At the top of the funnel, you have people who are not yet on Amazon, or who are on Amazon but not yet thinking about your category. DSP is the right tool here, particularly for retargeting lapsed customers, reaching lookalike audiences, and running awareness campaigns across Amazon-owned properties like Twitch, IMDb, and Fire TV.
Think of it like a clothes shop. Someone who walks in and tries something on is far more likely to buy than someone who walks past the window. Your job with upper and mid-funnel Amazon advertising is to get more people through the door and into the fitting room, not just to stand at the till waiting for people who have already decided to buy.
The brands that understand this invest proportionally across all three layers. They do not abandon efficiency at the bottom, but they accept that the top and middle of the funnel will show worse ACoS in the short term, because the payoff is incremental reach and long-term category growth rather than immediate transaction efficiency.
Keyword Strategy: Where Most Accounts Go Wrong
Amazon keyword strategy is not complicated in principle, but it is consistently executed badly in practice. The most common errors are: bidding on too many irrelevant broad match terms, failing to harvest converting search terms from auto campaigns into manual campaigns, neglecting negative keyword management, and treating all match types as equivalent.
A well-structured Amazon keyword account typically runs auto campaigns as discovery tools, harvesting converting search terms at regular intervals and adding them to manual exact and phrase match campaigns with controlled bids. Irrelevant terms get negated. High-converting terms get bid up. The system becomes progressively more efficient over time as you learn what your actual buyers are searching for.
The failure mode I see most often is accounts that were set up by an agency, handed over to a junior team member to manage, and never properly audited. The auto campaigns are running, the broad match terms are spending, the reports look fine at the top level, but underneath there is a tangle of wasted spend on irrelevant queries that nobody has looked at in months.
Competitor keyword targeting deserves its own consideration. Bidding on competitor brand terms can be effective for conquest, particularly if you have a clear value proposition and a lower price point. But it is expensive, conversion rates are typically lower than branded or category terms, and it invites retaliation. Before committing budget to competitor conquest, the question worth asking is whether you would be better served investing that same budget in upper-funnel awareness that reaches undecided shoppers before they form a brand preference at all.
Long-tail keywords are systematically undervalued on Amazon. They have lower search volume, which makes them unattractive to agencies optimising for impression share, but they often have higher purchase intent and lower competition. A shopper searching for “organic cold pressed coconut oil 500ml” is further along the purchase experience than one searching for “coconut oil”. Bid accordingly.
Product Detail Pages Are Part of Your Ad Strategy
This is the part of Amazon advertising that most brands treat as someone else’s problem. It is not. Your product detail page (PDP) is the landing page for every ad you run on Amazon. If it is weak, your conversion rate will be weak, your ACoS will be high, and your organic rank will suffer because Amazon’s algorithm rewards conversion performance.

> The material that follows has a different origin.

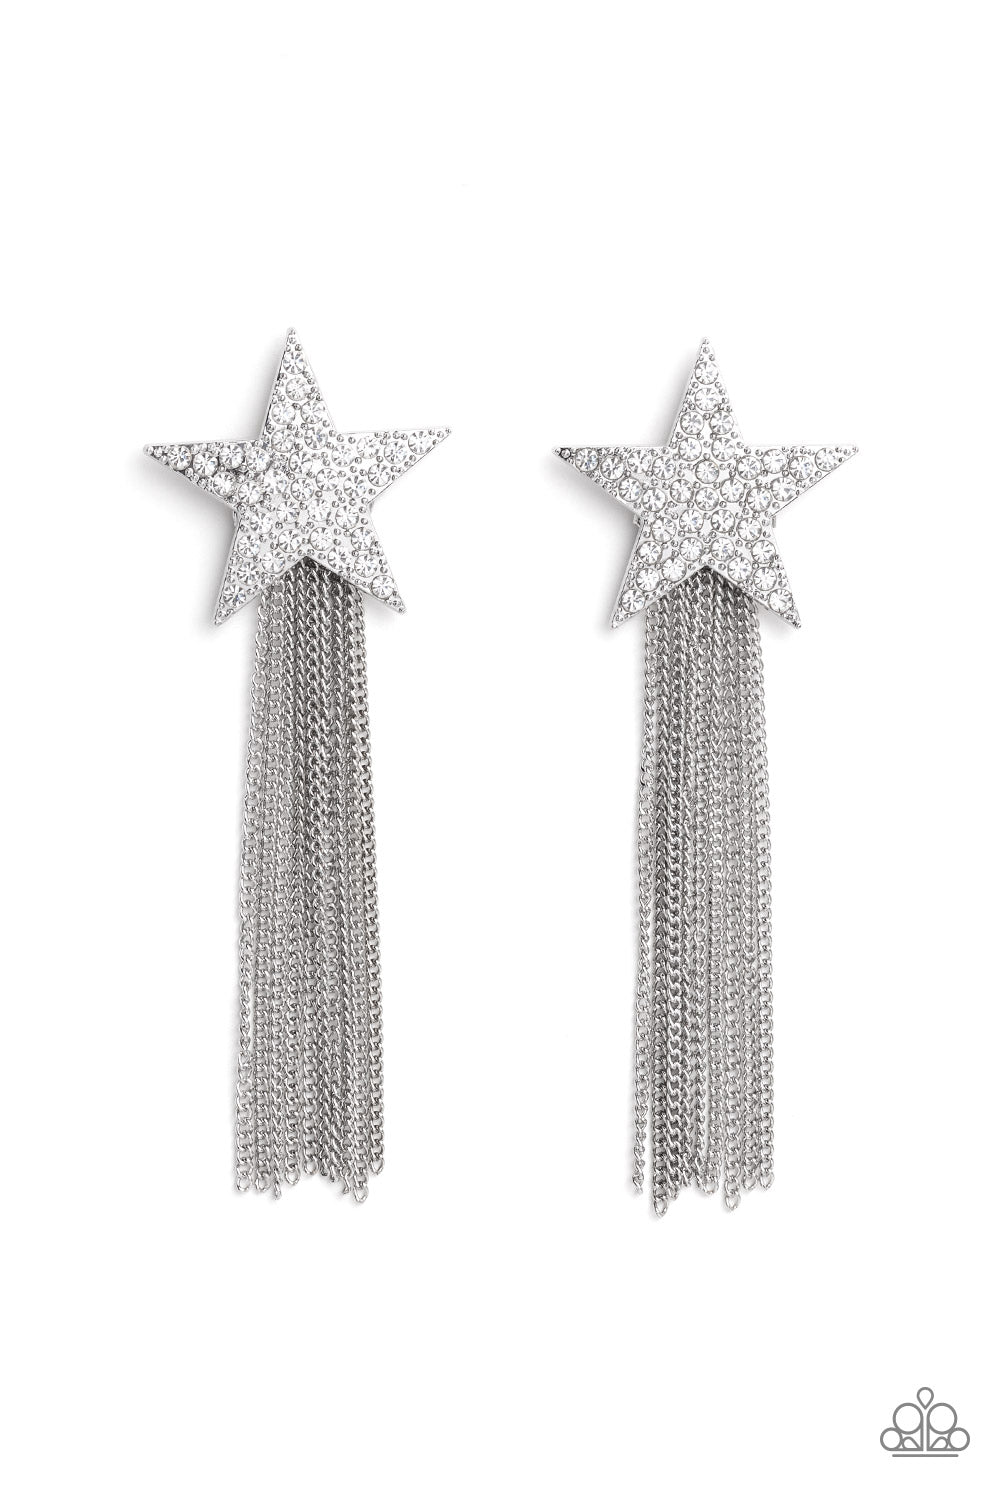 Paparazzi Accessories - Superstar Solo #E302 Peg - White Earrings Life of the Party December 2022

I have seen brands spend tens of thousands of pounds per month on Amazon ads while their PDPs had stock photography, bullet points copied from the back of the packaging, and no A+ content. The ads were doing their job. The pages were undoing it. Every click was money spent to deliver a shopper to a page that failed to close the sale.
Strong PDP fundamentals include: a primary image that is clear, professional, and shows the product at a size that reads well on mobile; additional images that show the product in use, communicate key benefits visually, and address common objections; a title that is keyword-rich but readable; bullet points that lead with benefits, not features; a description or A+ content module that tells the brand story and reinforces purchase confidence; and a competitive price relative to the category.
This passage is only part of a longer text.